Сиссела права. Он усох. За последний год он исхудал, и мышцы истончились. Густые волосы поседели и требуют стрижки, сзади они уже на пару сантиметров заходят на белый воротничок рубашки. Лицо прорезали глубокие морщины, но брови такие же черные, как раньше, а ресницы длинные, как у ребенка.
Тот, кого я любила. Кого мы обе когда-то любили.
Мэри, сложив ладонь лодочкой, касается его щеки, но ласка ее так легка, что он не просыпается, только глубоко вздыхает и глубже погружается в сон. Глаза движутся под веками. Он смотрит сны, и Мэри решает позволить ему их смотреть. Очень осторожно она поднимает стул, стоящий у письменного стола, подносит его поближе, садится напротив кресла-каталки и складывает руки на коленях. Отдыхает и смотрит, как отдыхает Сверкер.
За окном так темно.
Нет. За окном так светло. Сверкающий день, синее небо, осеннее солнце покрывает весь мир позолотой. Хочется выйти из дома. Нужно выйти.
Тем не менее я тщательно прибираю со стола и ставлю чашку и тарелку в раковину. Ведь стоит только перестать прибираться и мыть посуду — и я пропала. И вот я уже оказываюсь на крыльце и стою неподвижно и вижу, что коричневая, насыщенная железом озерная вода сделалась синей. Вижу, что солнце светит. Что краснеет клен. Что листья сирени поблекли, почти побелели. Что ели на берегу отражаются в озере.

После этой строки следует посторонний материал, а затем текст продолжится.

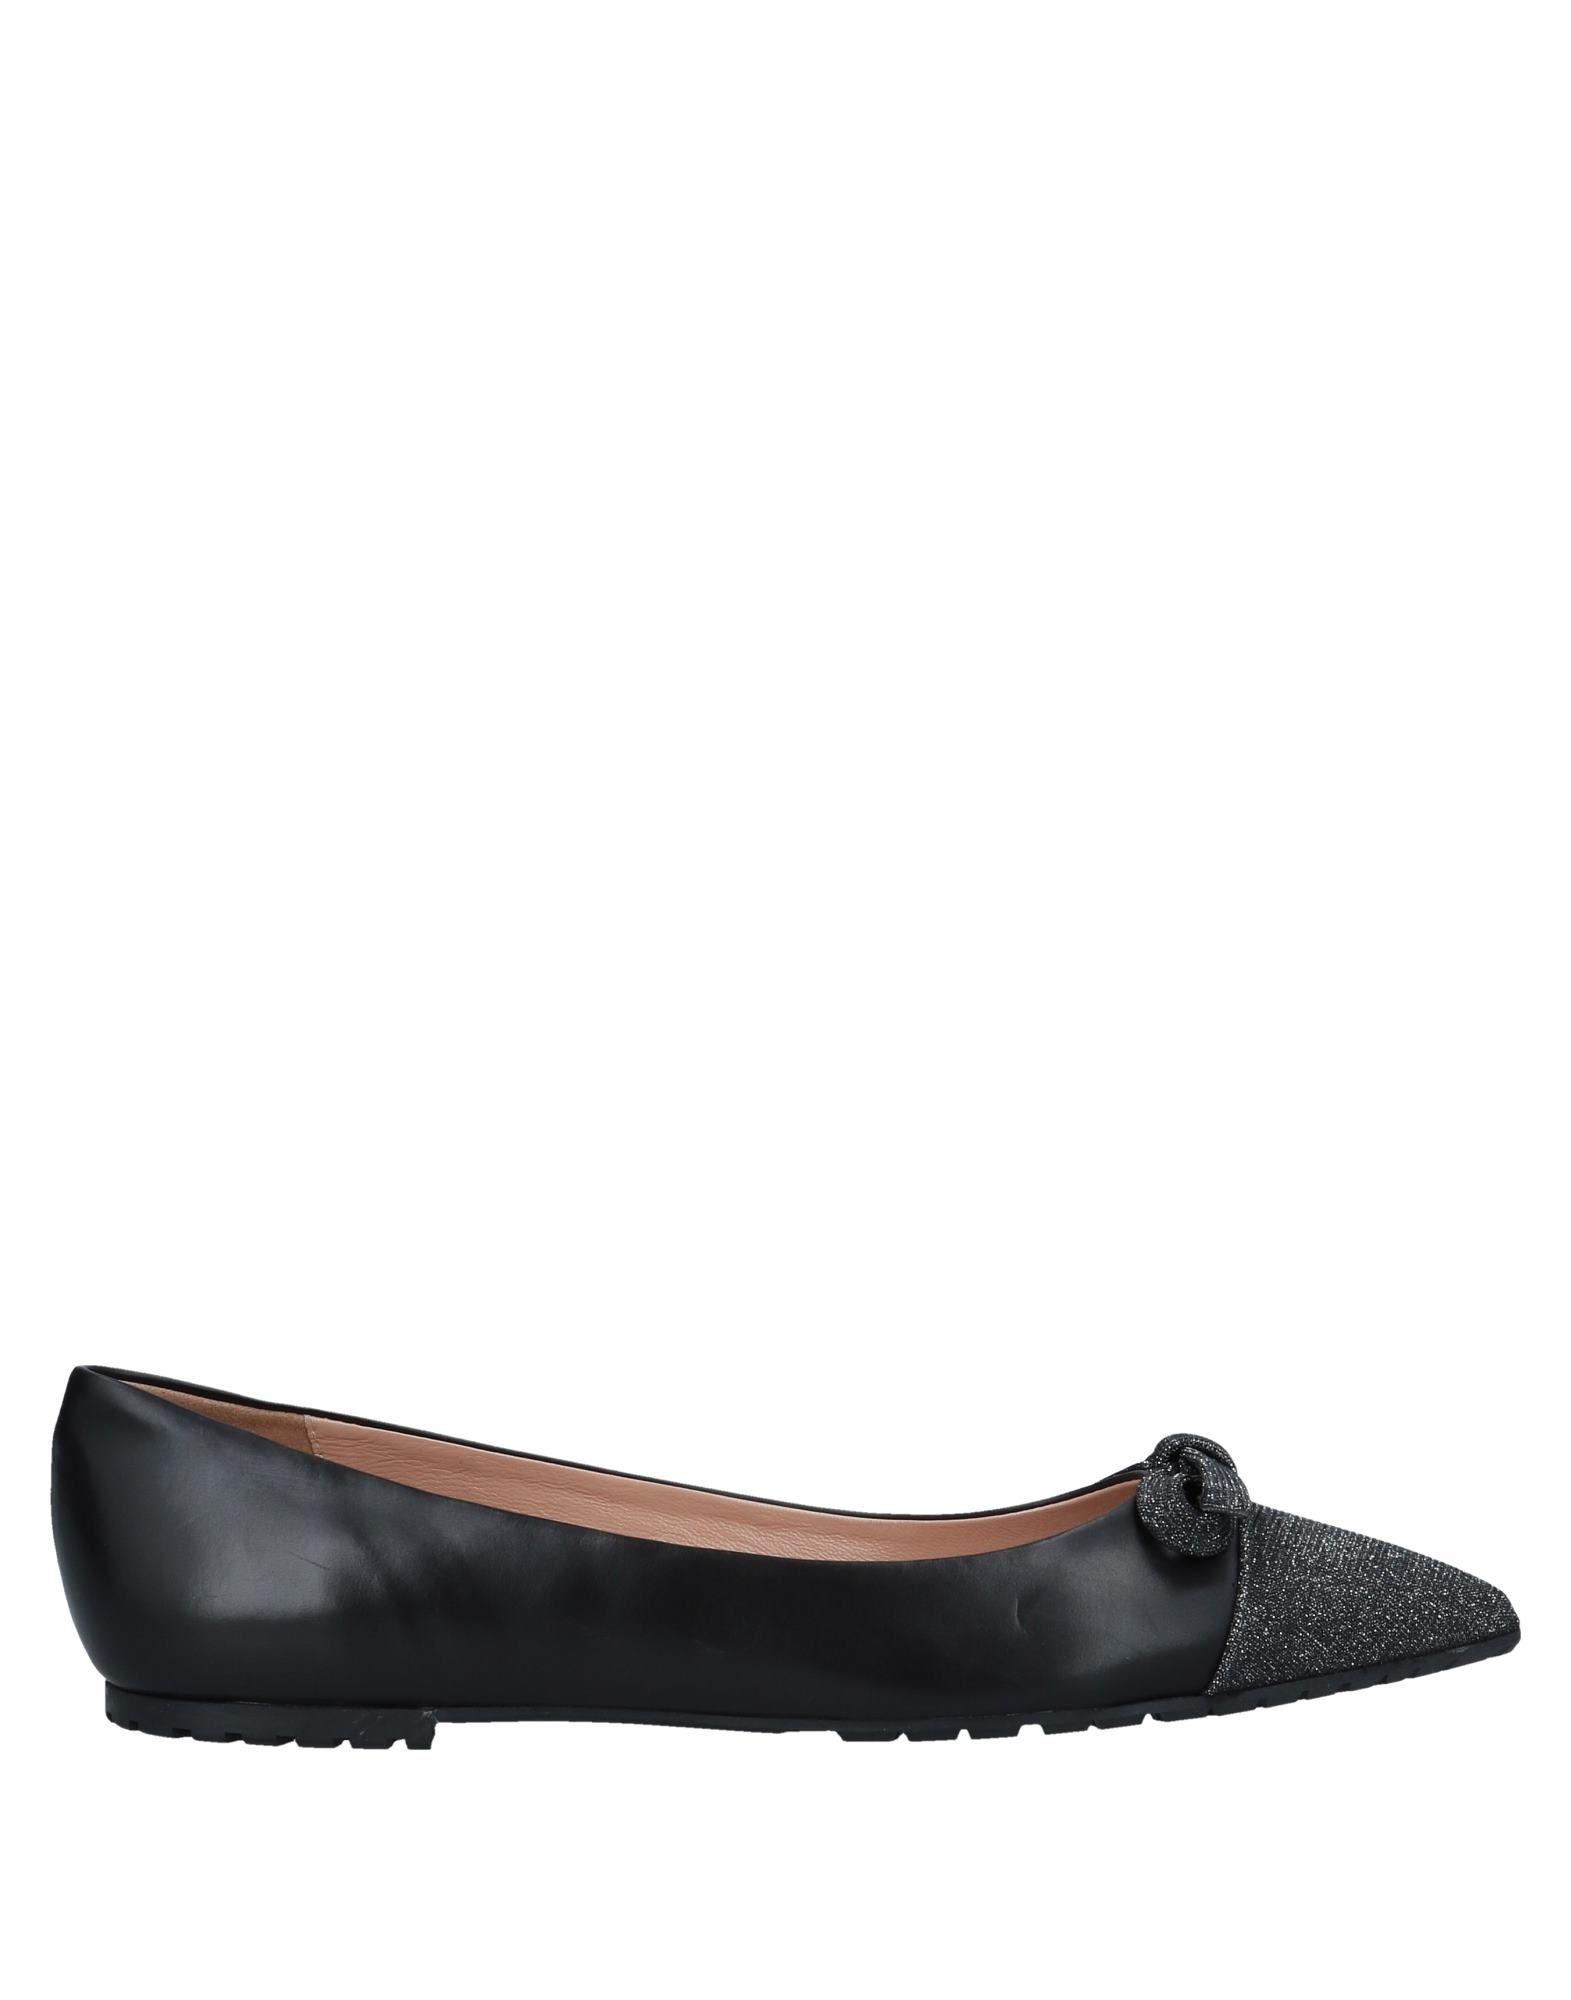 Fleury Ballerinas Damen  11556508PB Gute Qualität beliebte Schuhe Schuhe Schuhe 50af8c
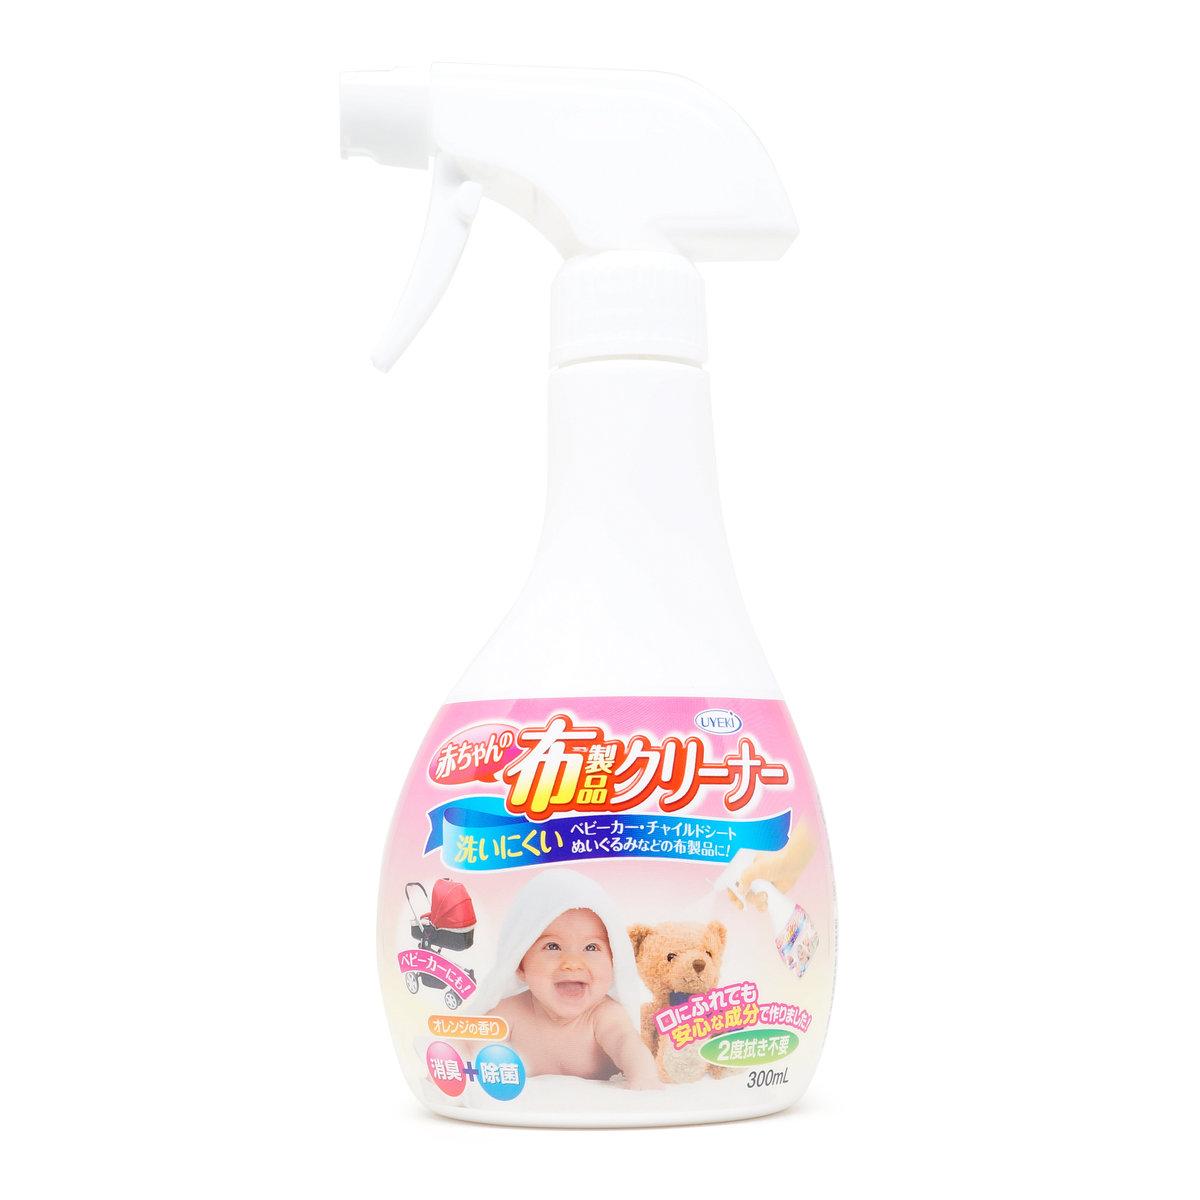 Fabric Cleaner Spray 300ml (4968909056145)

В воздухе столько кислорода, что кружится голова.
И приходит поразительная мысль. Ведь все это — мир. Это не только место, где мы терзаем друг друга. Это — еще и мир.
Мэри не возвращается, пока я не сажусь в машину и не отправляюсь потихоньку по узкой гравийной дороге через лес. Беседа с инспектором в отделе пробации не состоялась, в их йончёпингской конторе никто не взял трубку. Только дождавшись десятого гудка, я сообразила, что сегодня суббота. Все конторы закрыты. И теперь я еду в Несшё со списком всего, что нужно купить. Продукты на несколько дней. Плюс соль и сахар, мыло и моющие средства, комнатные цветы и еще кое-что из тысяч мелочей, без которых дом не станет домом.
Мэри по-прежнему сидит возле Сверкера и разглядывает его. Не торопится — скоро она отправится в дорогу, но у нее нет никаких жестких сроков, и она знает, что там, куда она едет, ее никто не ждет. Как раз теперь ей совсем не хочется уезжать, она понимает лишь, что — надо. И все же хотела бы, чтобы этот миг длился вечно, чтобы она молча сидела рядом со спящим Сверкером до того самого мгновения, когда погибнет Вселенная, чтобы он был близко-близко и в то же время страшно далеко. Но все происходит совсем не так, его веки вздрагивают, и глаза открываются. И смотрят на нее.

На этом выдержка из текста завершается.